Rationale: Although persistent fibroblast activation is a hallmark of idiopathic pulmonary fibrosis (IPF), mechanisms regulating persistent fibroblast activation in the lungs have not been fully elucidated. Objectives: On the basis of our observation that lung fibroblasts express TBXA2R (thromboxane-prostanoid receptor) during fibrosis, we investigated the role of TBXA2R signaling in fibrotic remodeling. Methods: We identified TBXA2R expression in lungs of patients with IPF and mice and studied primary mouse and human lung fibroblasts to determine the impact of TBXA2R signaling on fibroblast activation. We used TBXA2R-deficient mice and small-molecule inhibitors to investigate TBXA2R signaling in preclinical lung fibrosis models.
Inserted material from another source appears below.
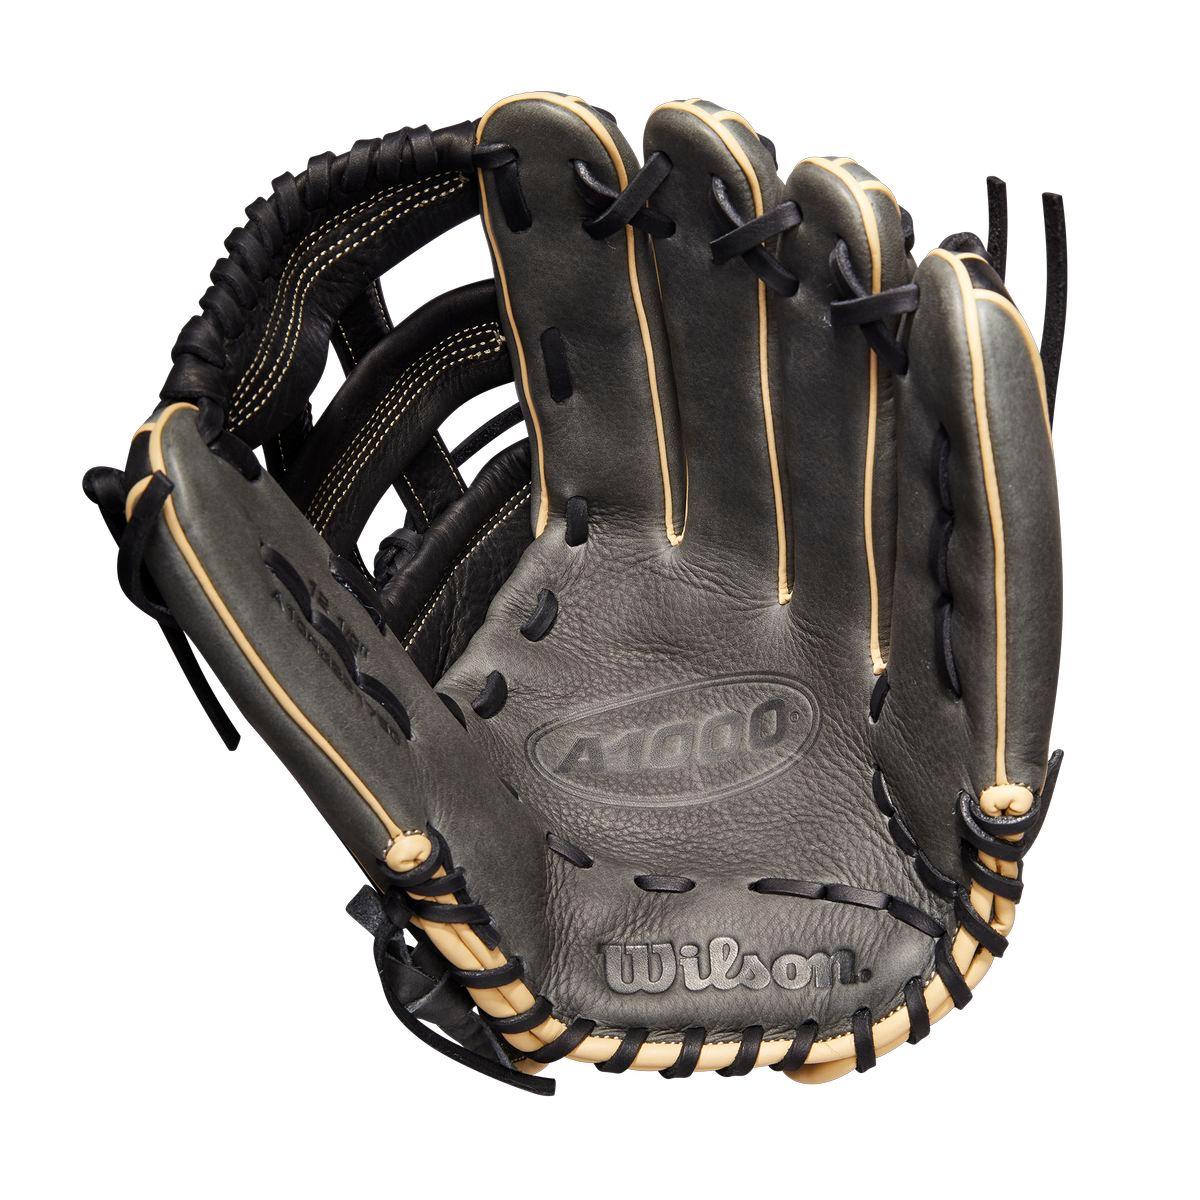 A1000 1750 12.5" Senior Baseball Glove - Sports Excellence

Measurements and Main Results: TBXA2R expression was upregulated in fibroblasts in the lungs of patients with IPF and in mouse lungs during experimental lung fibrosis. Genetic deletion of TBXA2R, but not inhibition of thromboxane synthase, protected mice from bleomycin-induced lung fibrosis, thereby suggesting that an alternative ligand activates profibrotic TBXA2R signaling. In contrast to thromboxane, F2-isoprostanes, which are nonenzymatic products of arachidonic acid induced by reactive oxygen species, were persistently elevated during fibrosis. F2-isoprostanes induced TBXA2R signaling in fibroblasts and mediated a myofibroblast activation profile due, at least in part, to potentiation of TGF-β (transforming growth factor-β) signaling. In vivo treatment with the TBXA2R antagonist ifetroban reduced profibrotic signaling in the lungs, protected mice from lung fibrosis in three preclinical models (bleomycin, Hermansky-Pudlak mice, and radiation-induced fibrosis), and markedly enhanced fibrotic resolution after bleomycin treatment. Conclusions: TBXA2R links oxidative stress to fibroblast activation during lung fibrosis. TBXA2R antagonists could have utility in treating pulmonary fibrosis.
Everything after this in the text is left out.